═════ Data under study
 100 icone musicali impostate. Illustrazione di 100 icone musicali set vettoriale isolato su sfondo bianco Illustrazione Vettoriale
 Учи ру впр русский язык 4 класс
══════════
═════ Data under study
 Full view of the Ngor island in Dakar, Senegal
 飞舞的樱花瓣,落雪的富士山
══════════
**Exercise brief:** Using the data above, extract exactly the lines from the one that holds "Full view of" to the one that holds "飞舞的樱花瓣,落雪的富士山", both ends included, and no others.

**Exercise output:**
 Full view of the Ngor island in Dakar, Senegal
 飞舞的樱花瓣,落雪的富士山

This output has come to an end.